- **Work order**
An exact copy is the goal: every line from the one containing "RÄCKA black, Curtain rod, 210 385 cm IKEA" to the end of the material below, pictures excluded.

Segment Start: Extracted records

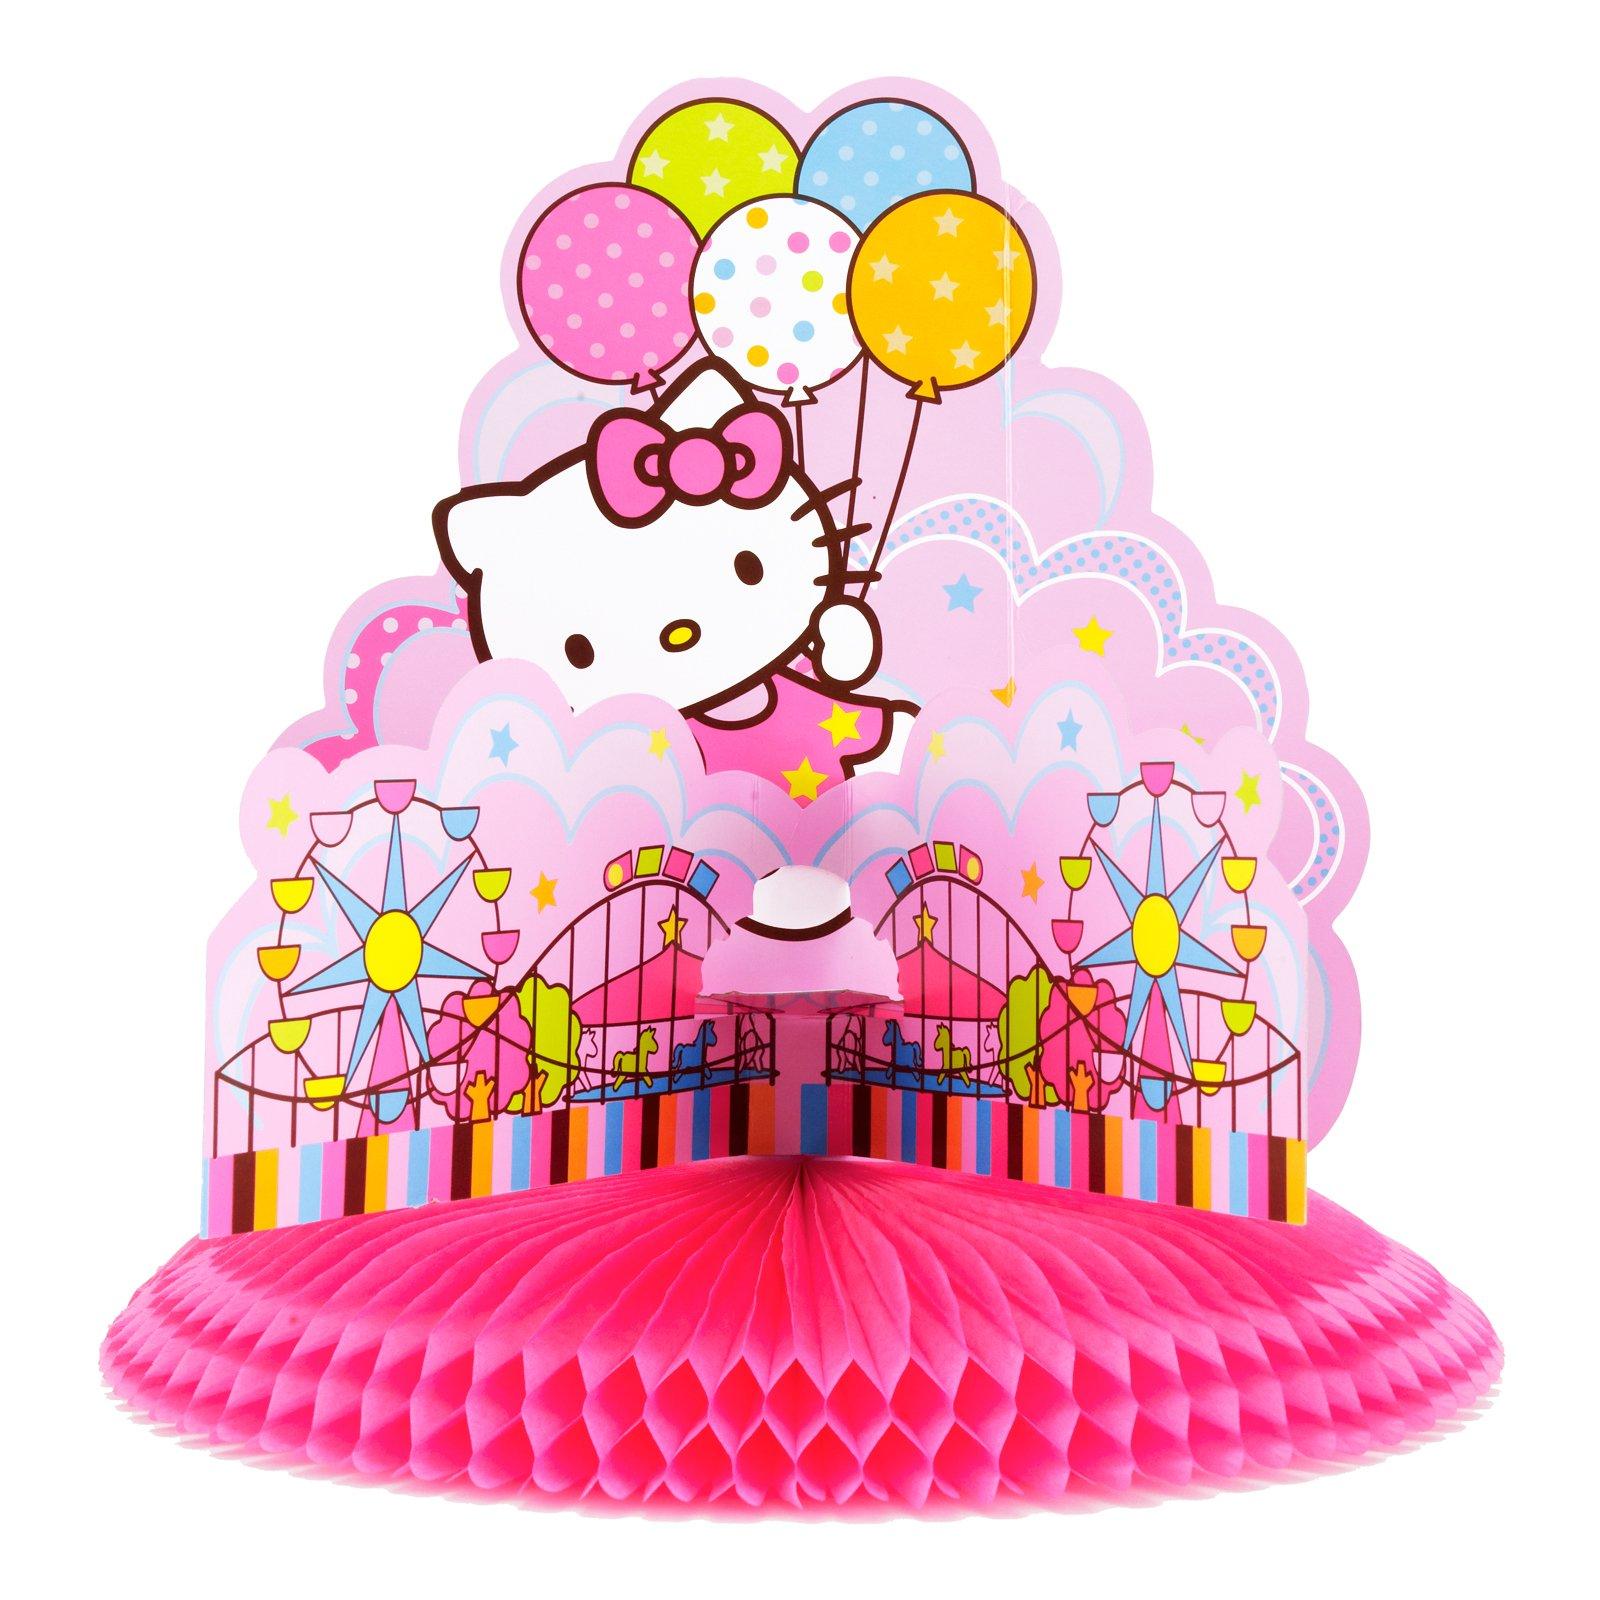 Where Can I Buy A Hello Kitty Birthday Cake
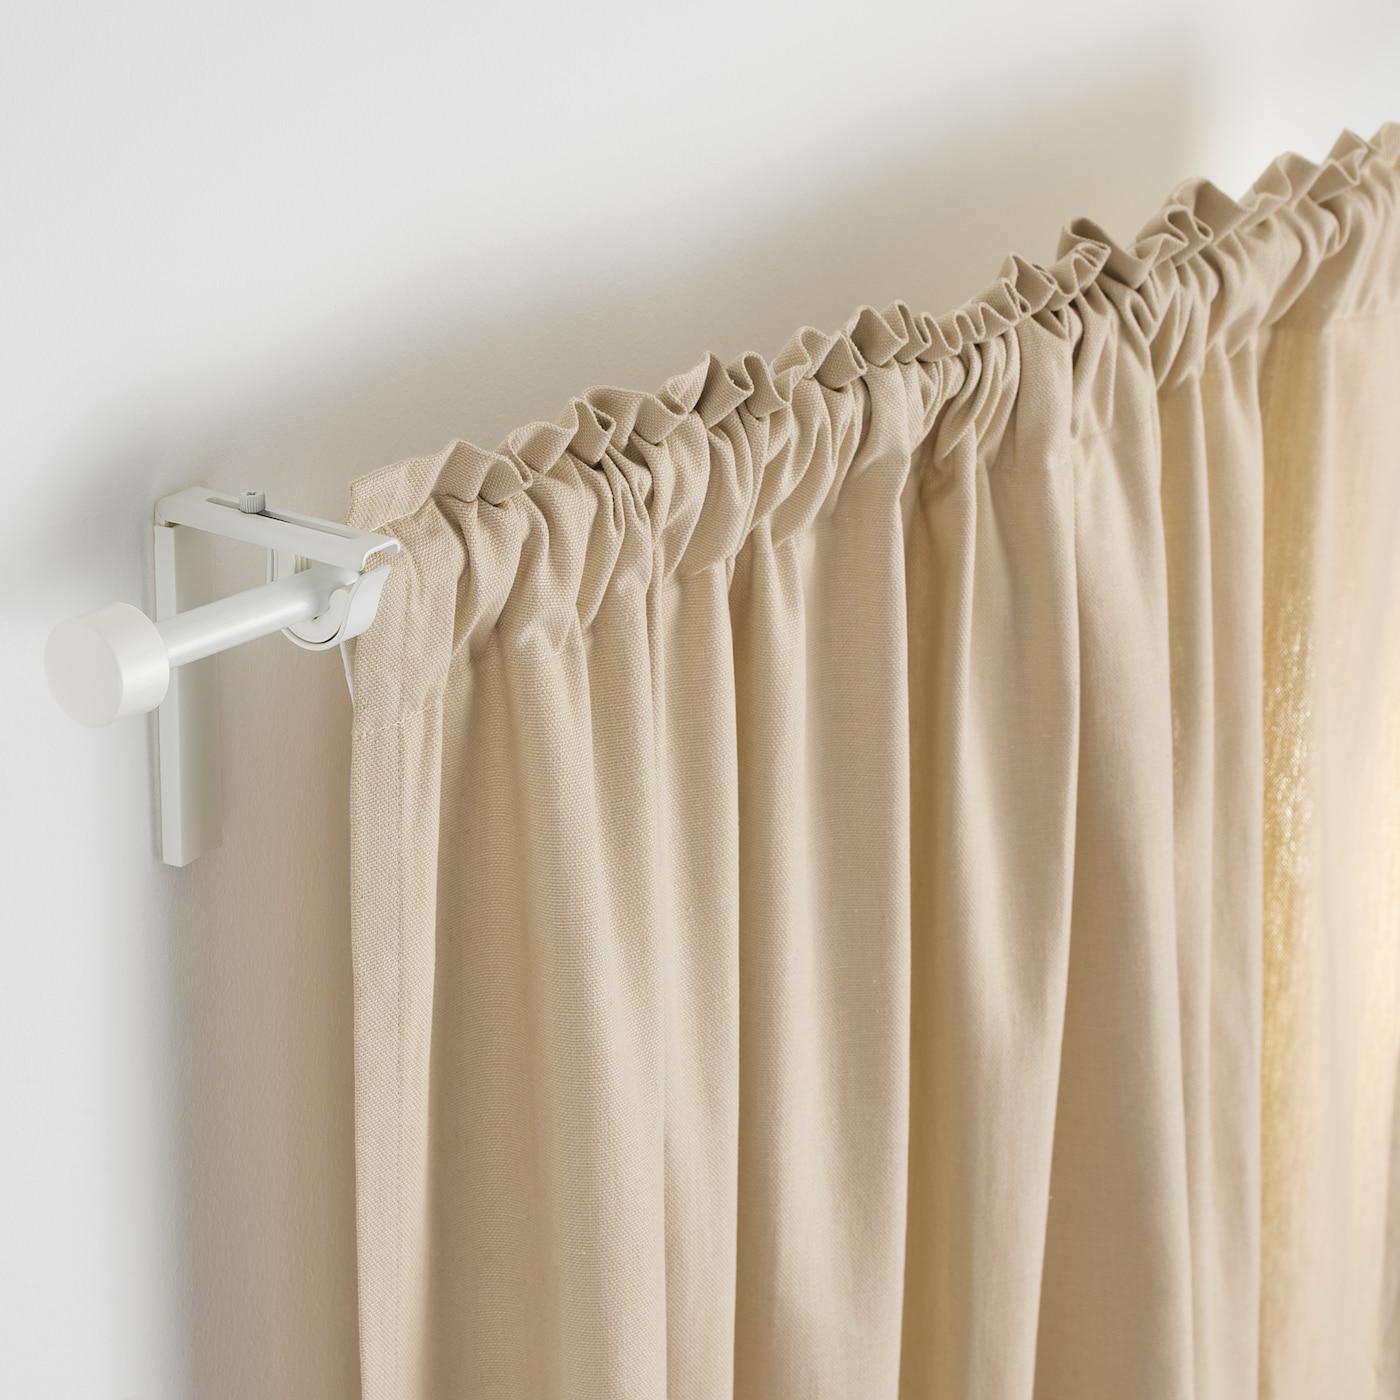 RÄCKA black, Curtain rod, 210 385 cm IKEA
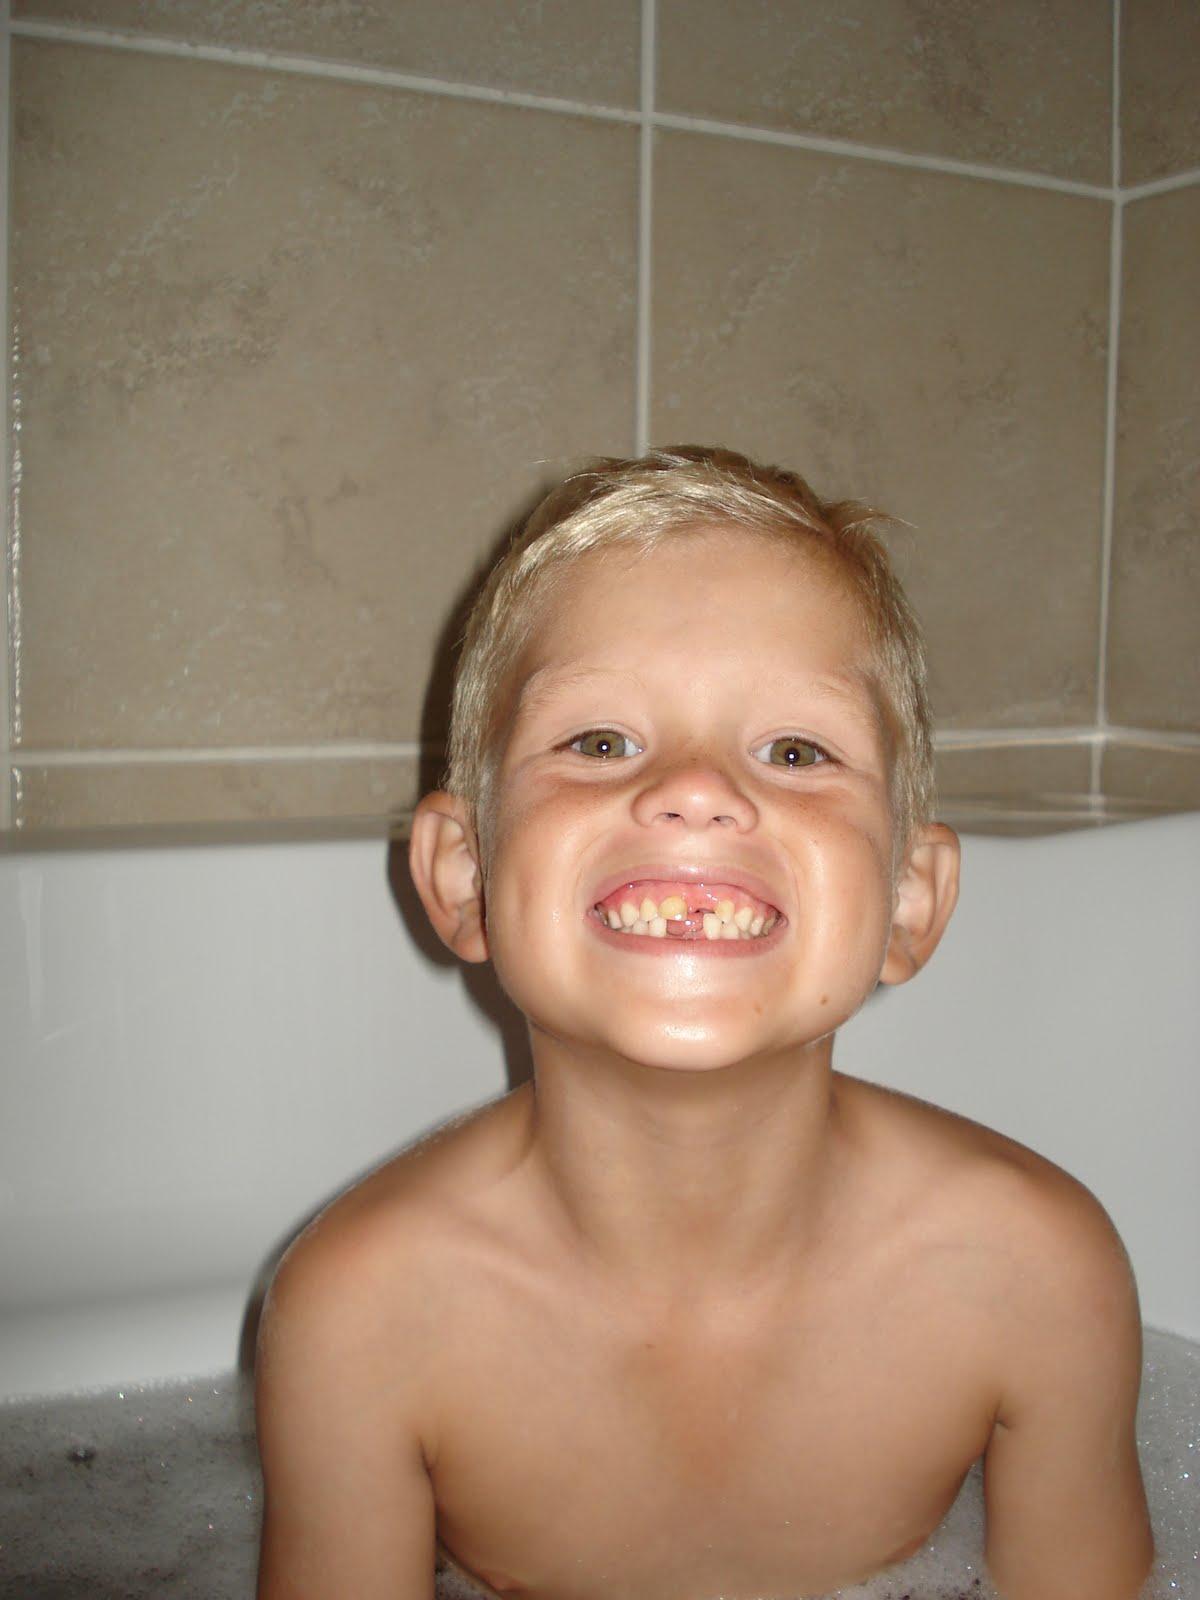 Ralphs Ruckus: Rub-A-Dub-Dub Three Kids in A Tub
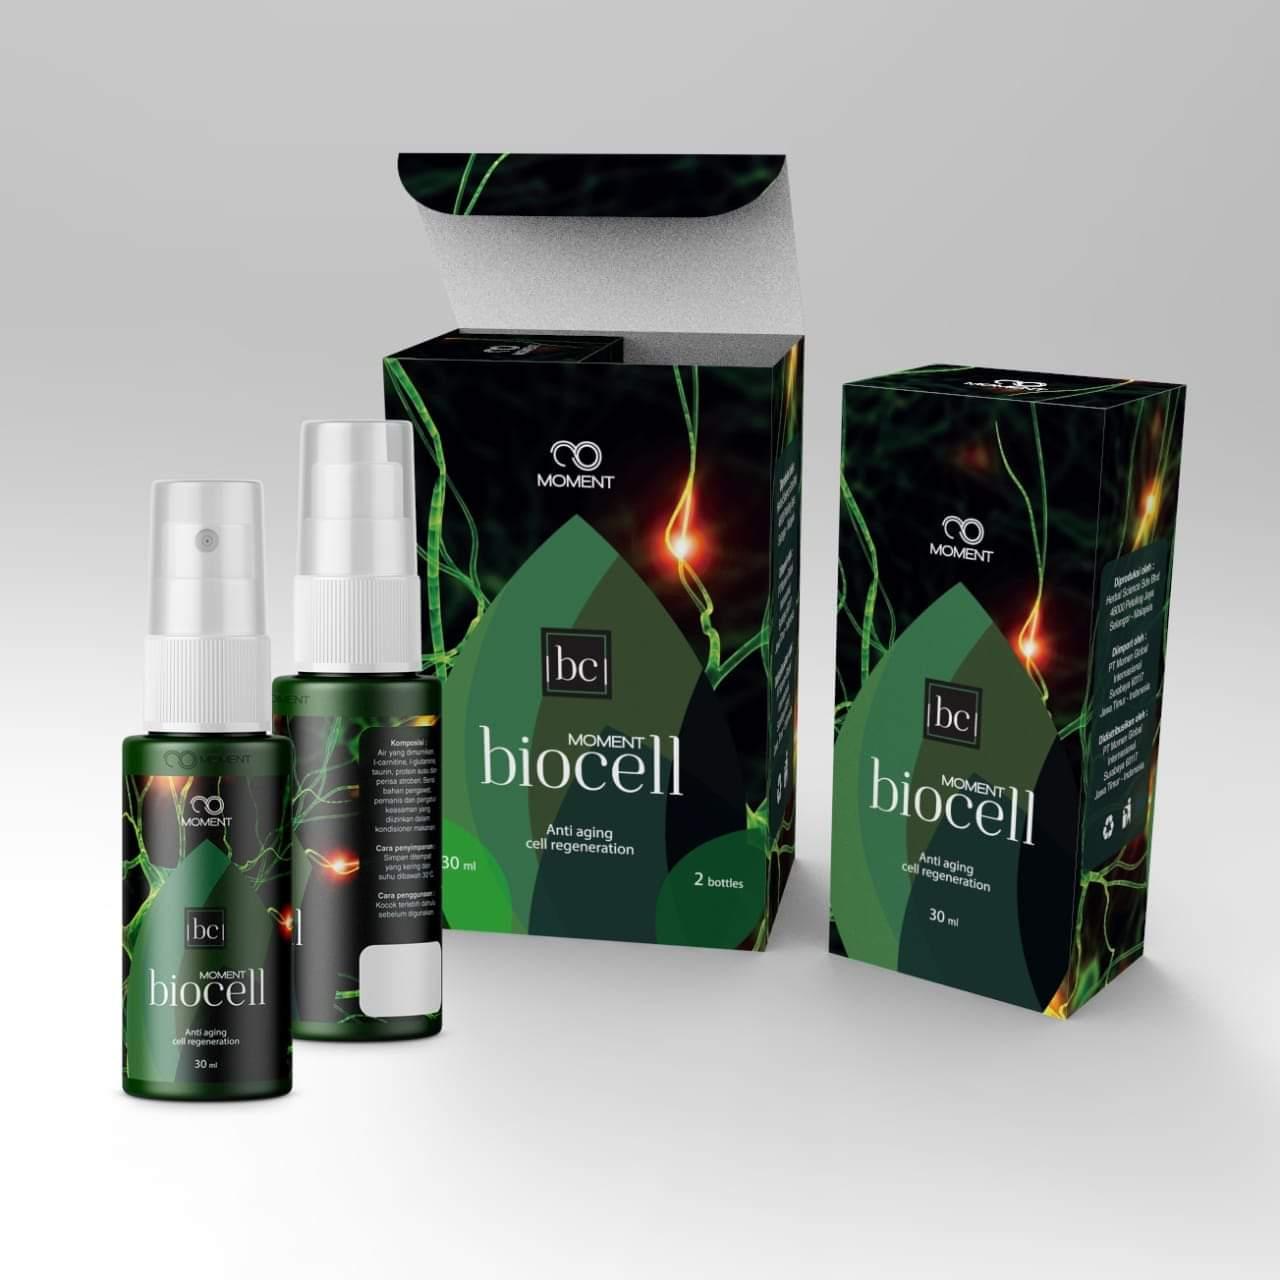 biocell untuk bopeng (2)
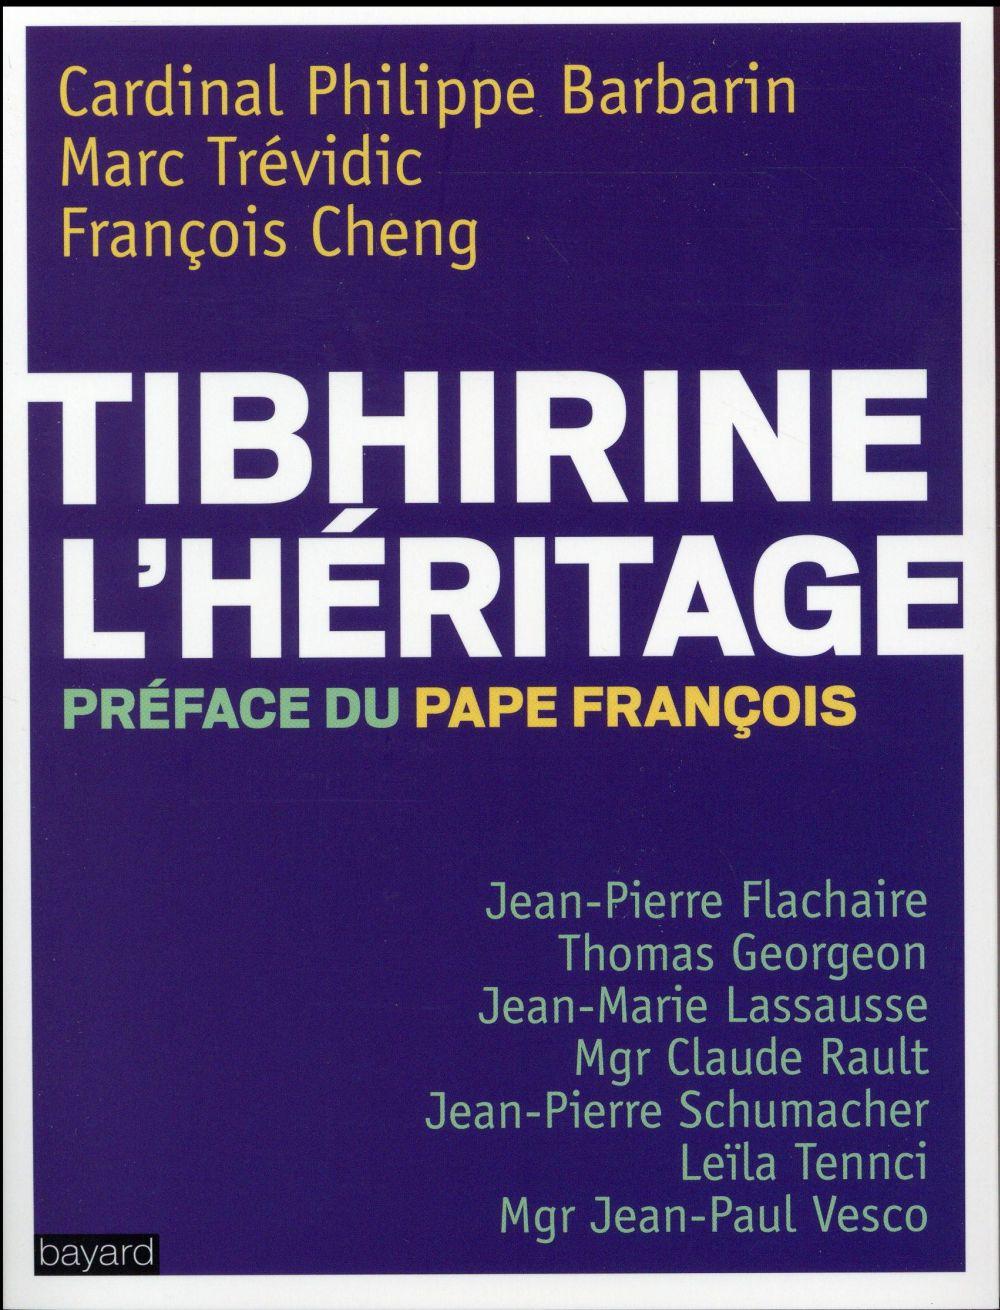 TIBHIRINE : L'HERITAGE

Segment End: Extracted records

- **Solution for this task**
 RÄCKA black, Curtain rod, 210 385 cm IKEA
 Ralphs Ruckus: Rub-A-Dub-Dub Three Kids in A Tub
 biocell untuk bopeng (2)
 TIBHIRINE : L'HERITAGE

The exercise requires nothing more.